• **EXERCISE GOAL**
A faithful copy of the data is what is wanted, minus any pictures.

• **DATA PROVIDED**
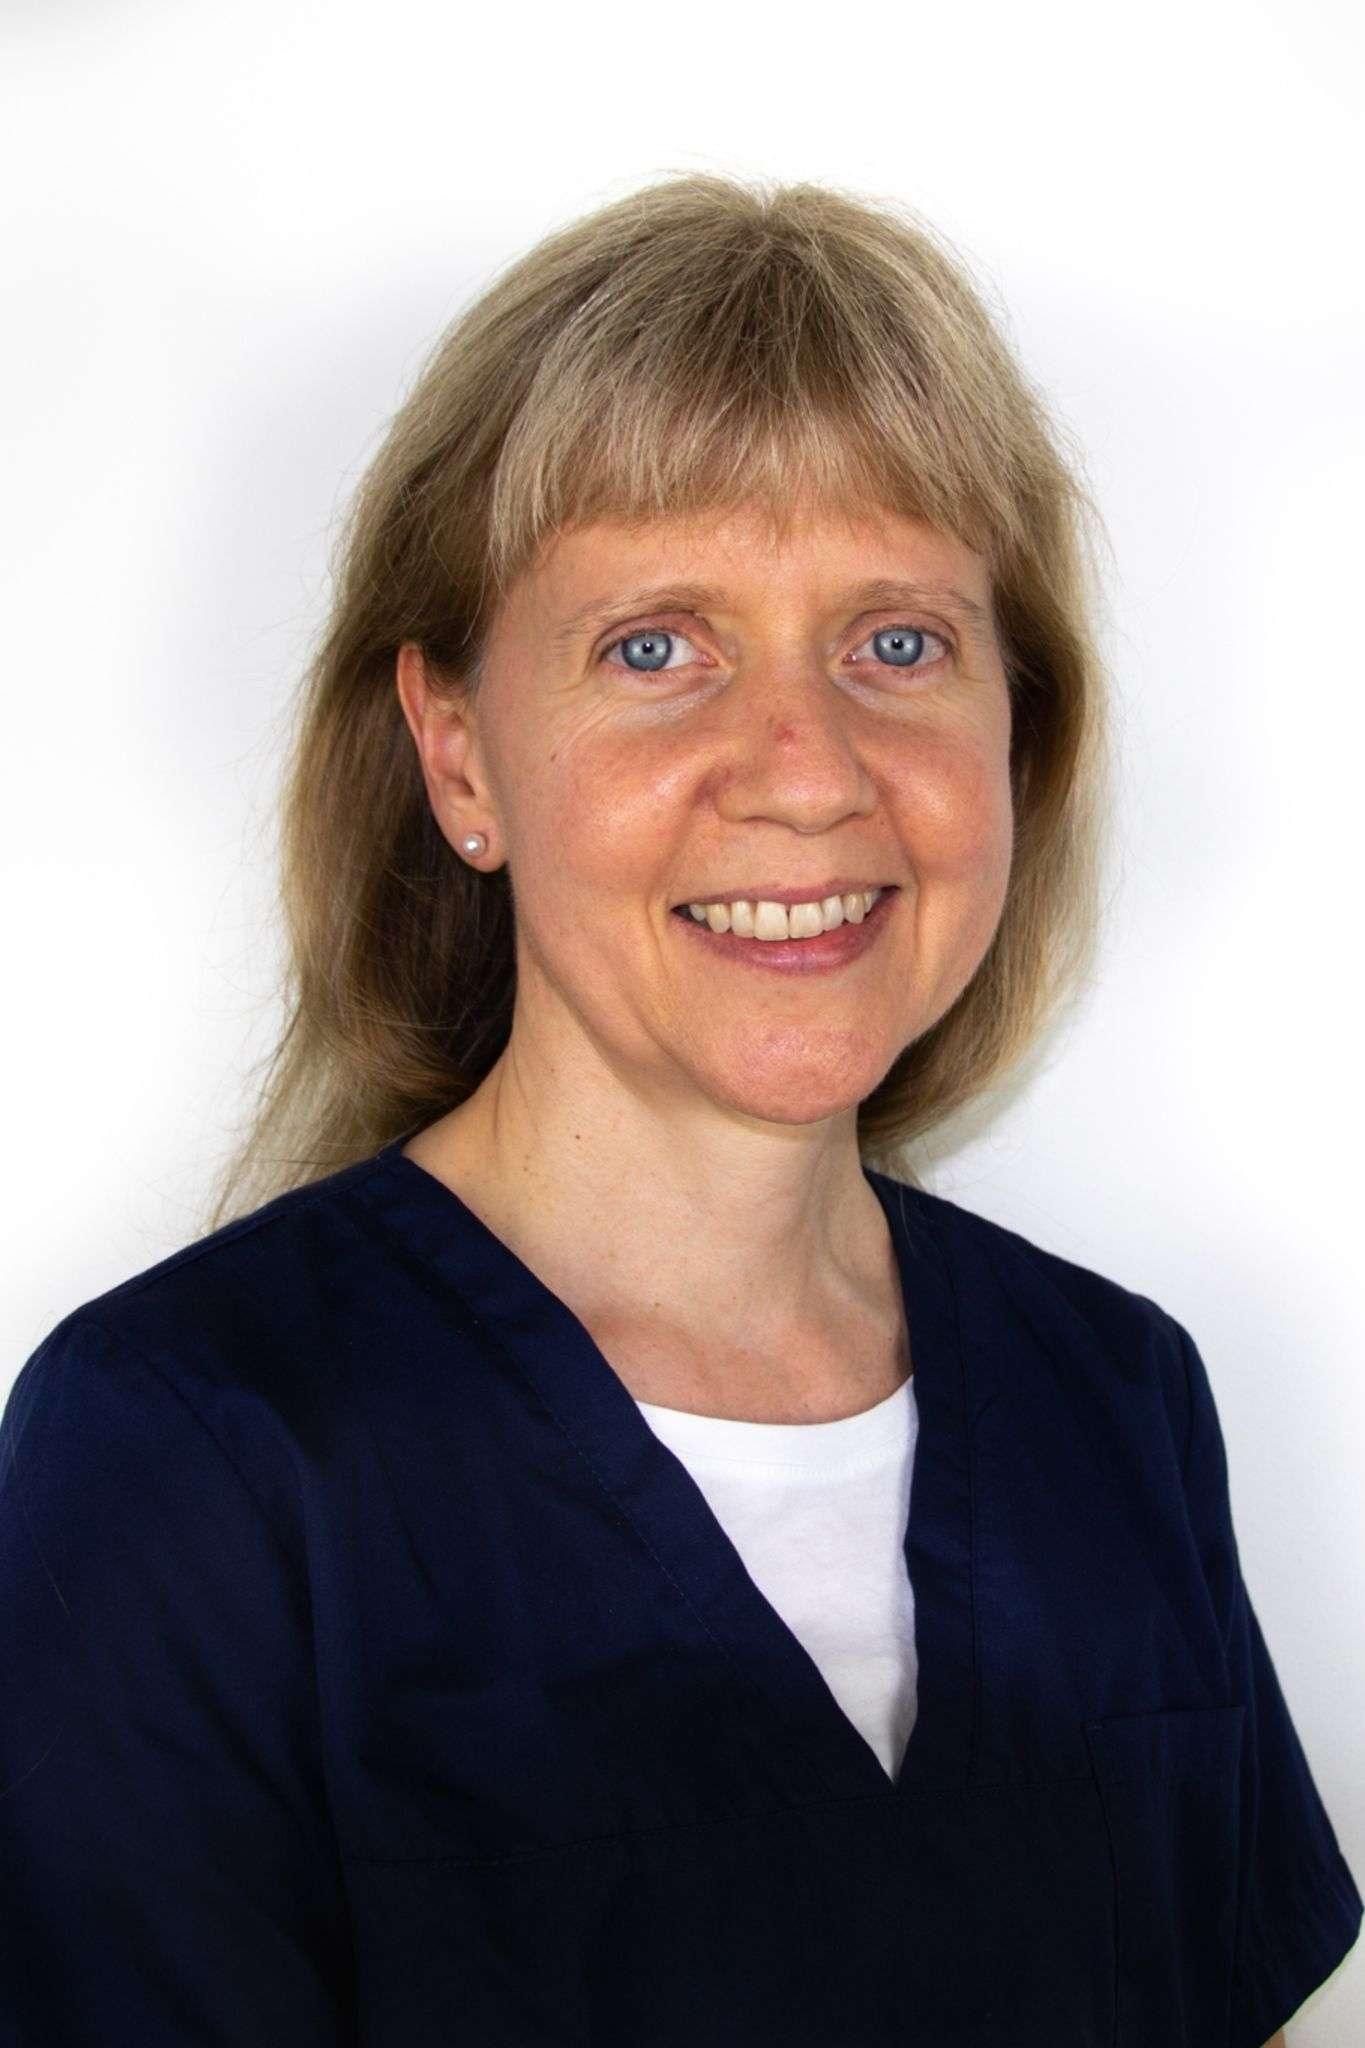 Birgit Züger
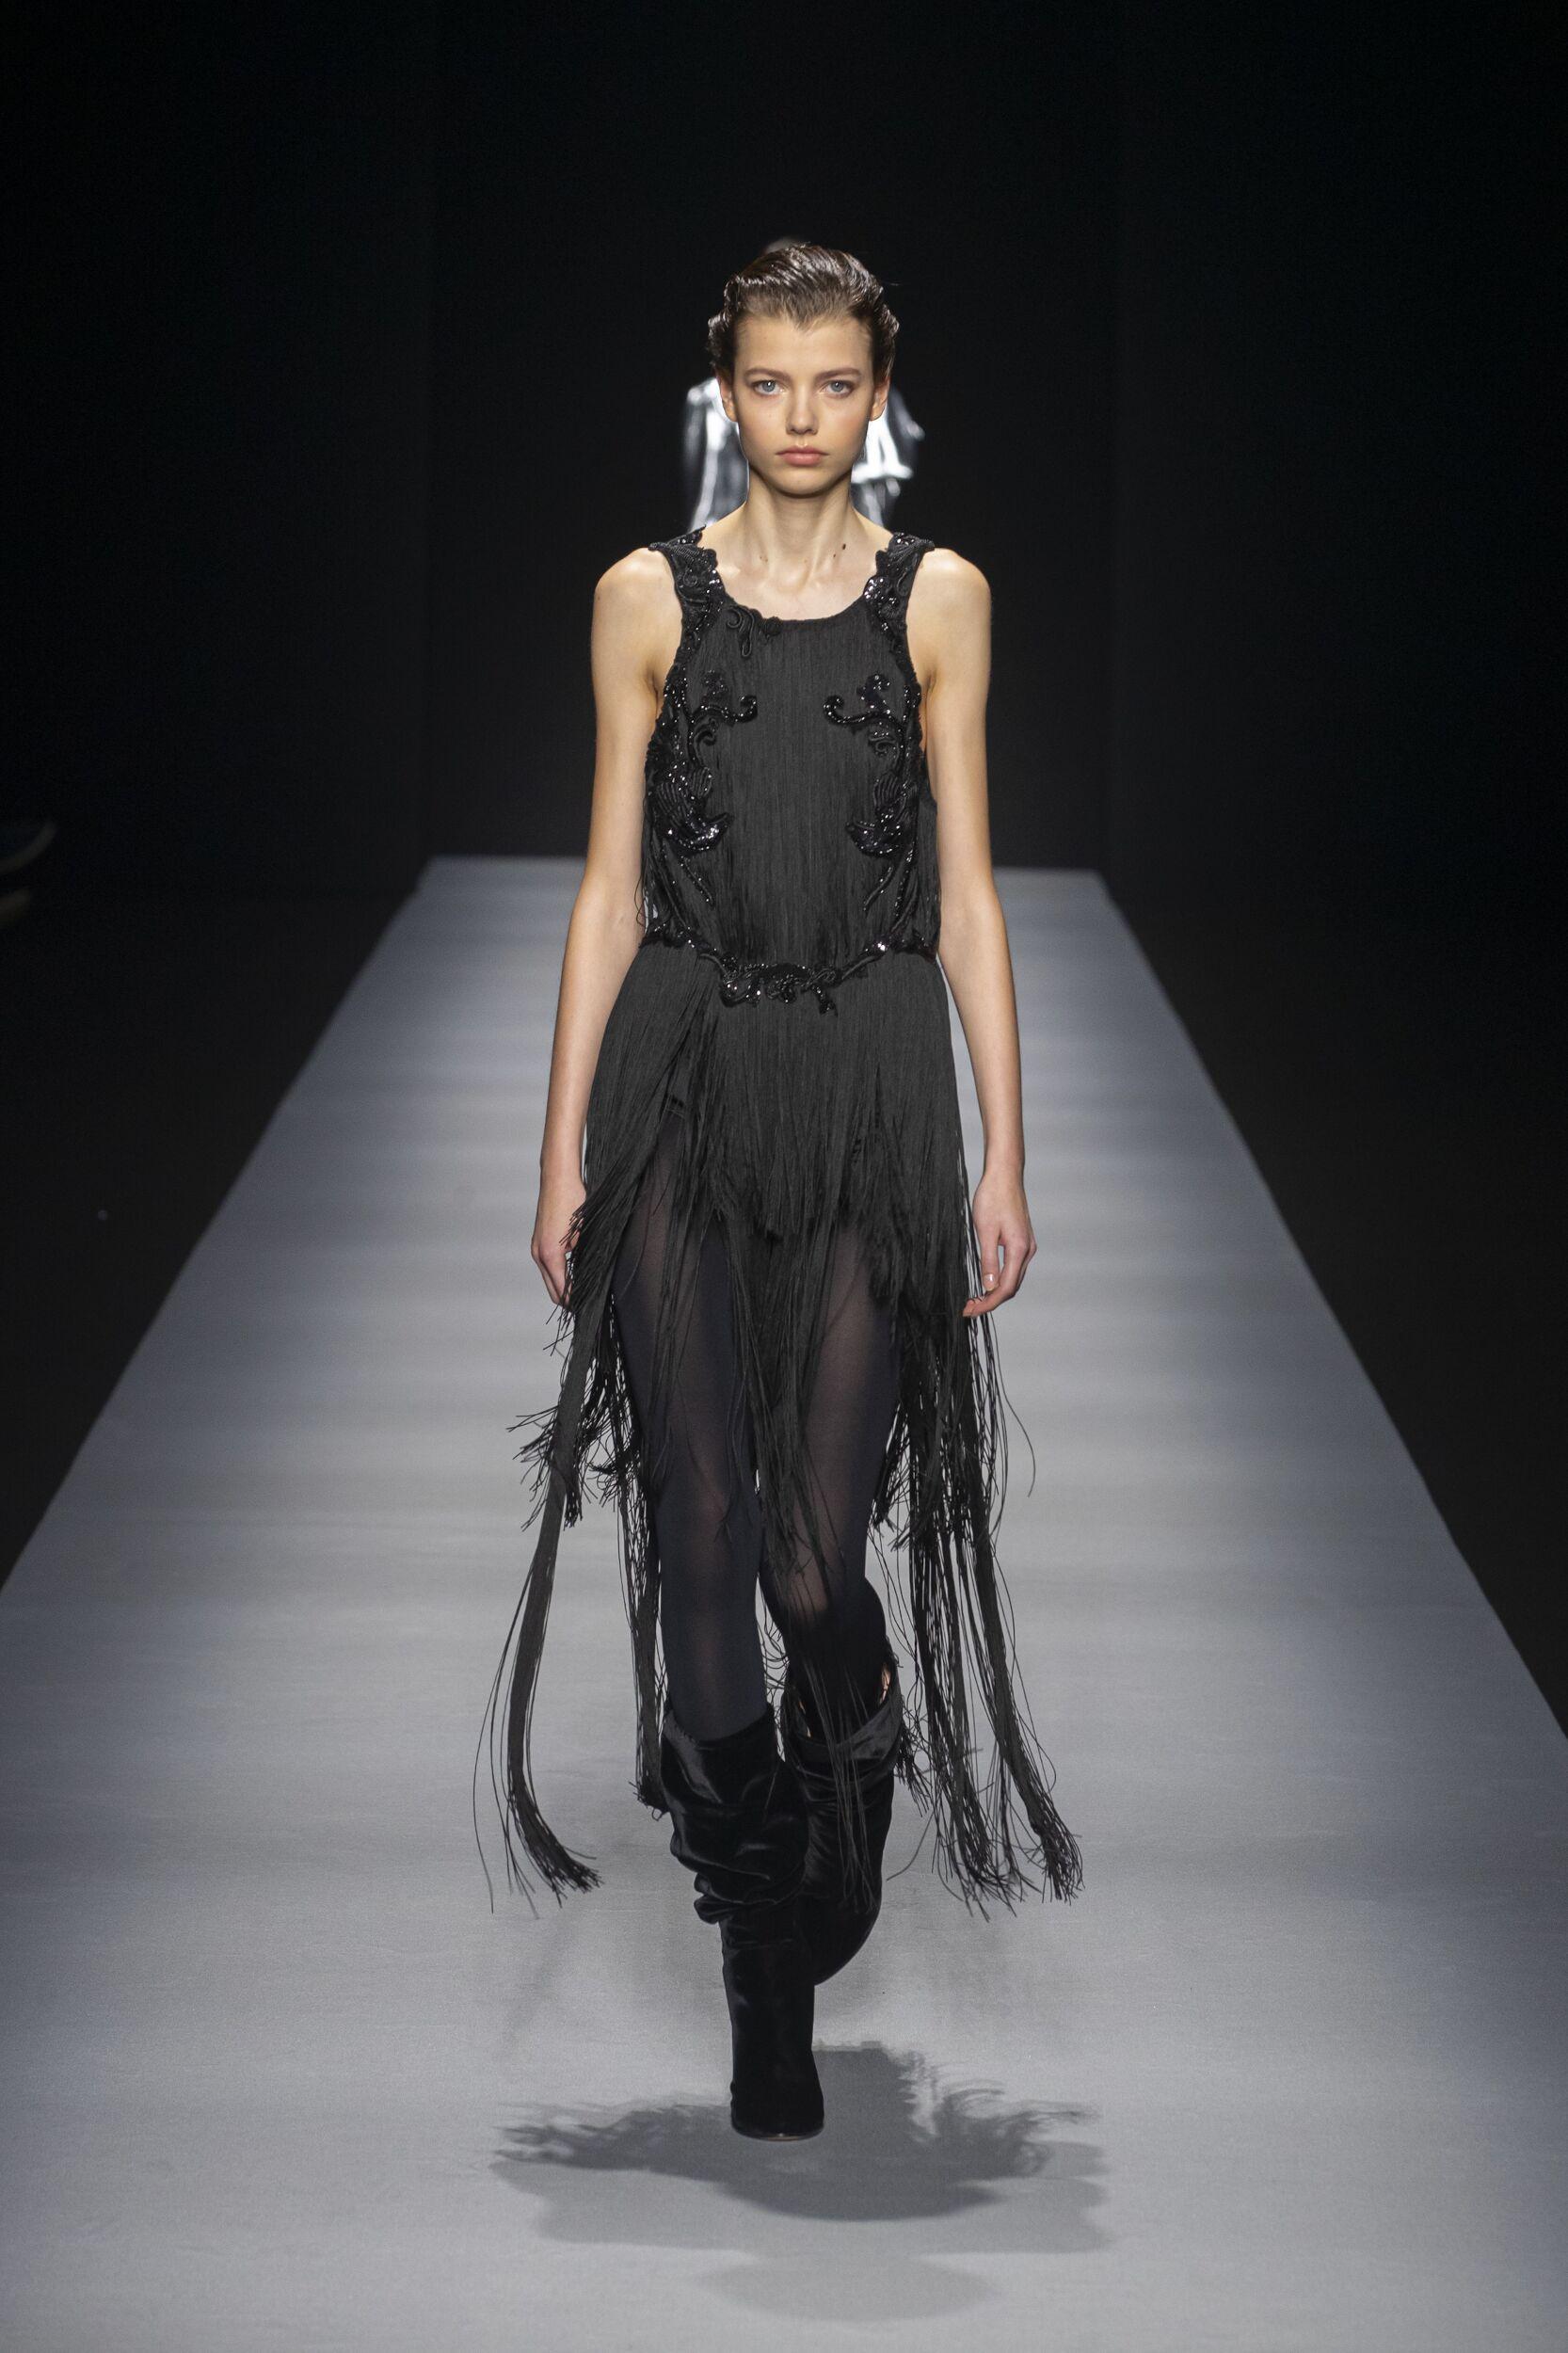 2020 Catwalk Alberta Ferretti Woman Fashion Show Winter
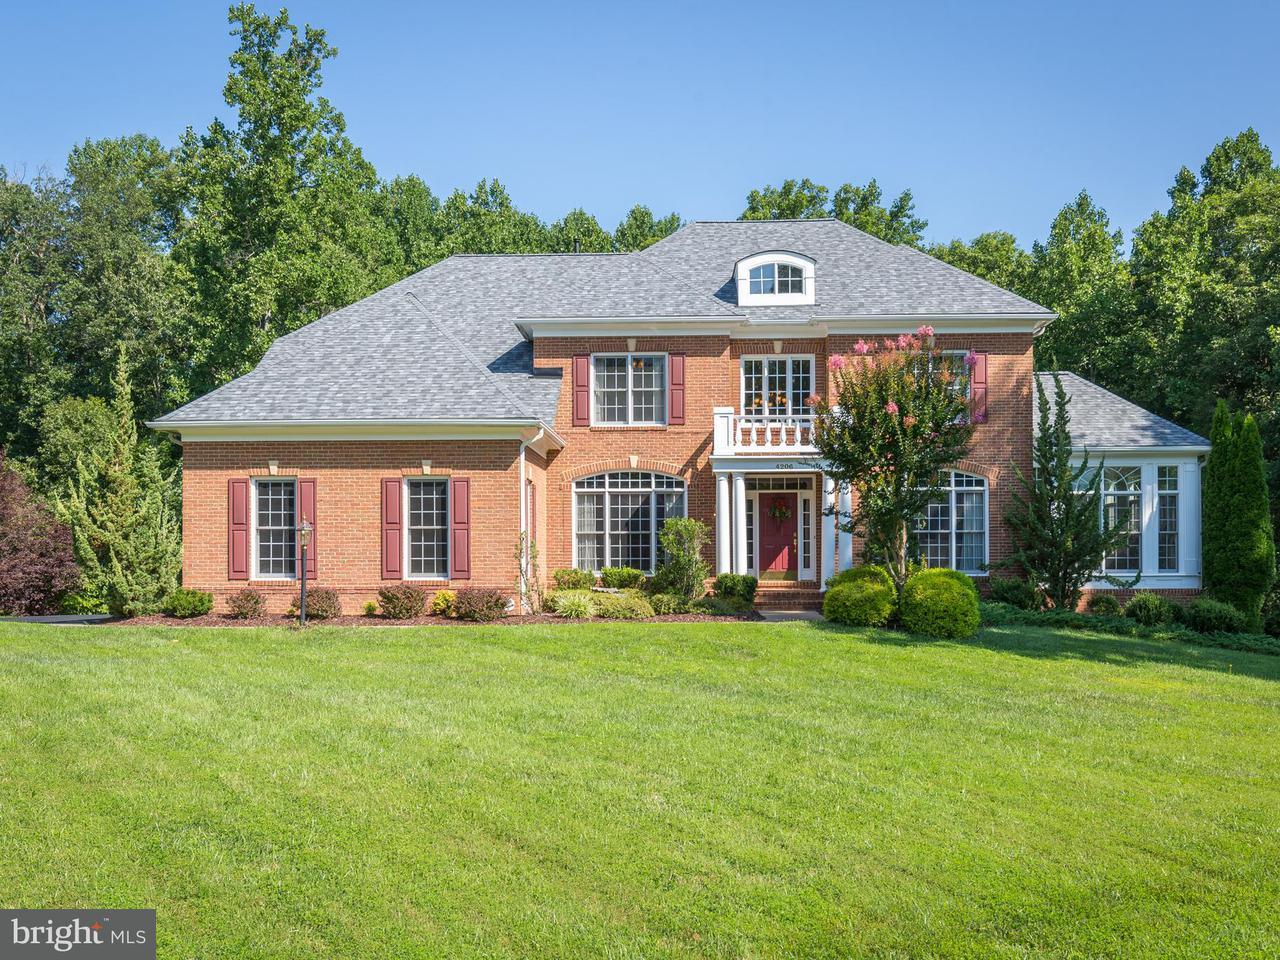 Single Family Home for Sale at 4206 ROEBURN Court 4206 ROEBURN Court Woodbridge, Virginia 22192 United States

• **FINISHED EXERCISE**
 Birgit Züger
 2020 Catwalk Alberta Ferretti Woman Fashion Show Winter
 Single Family Home for Sale at 4206 ROEBURN Court 4206 ROEBURN Court Woodbridge, Virginia 22192 United States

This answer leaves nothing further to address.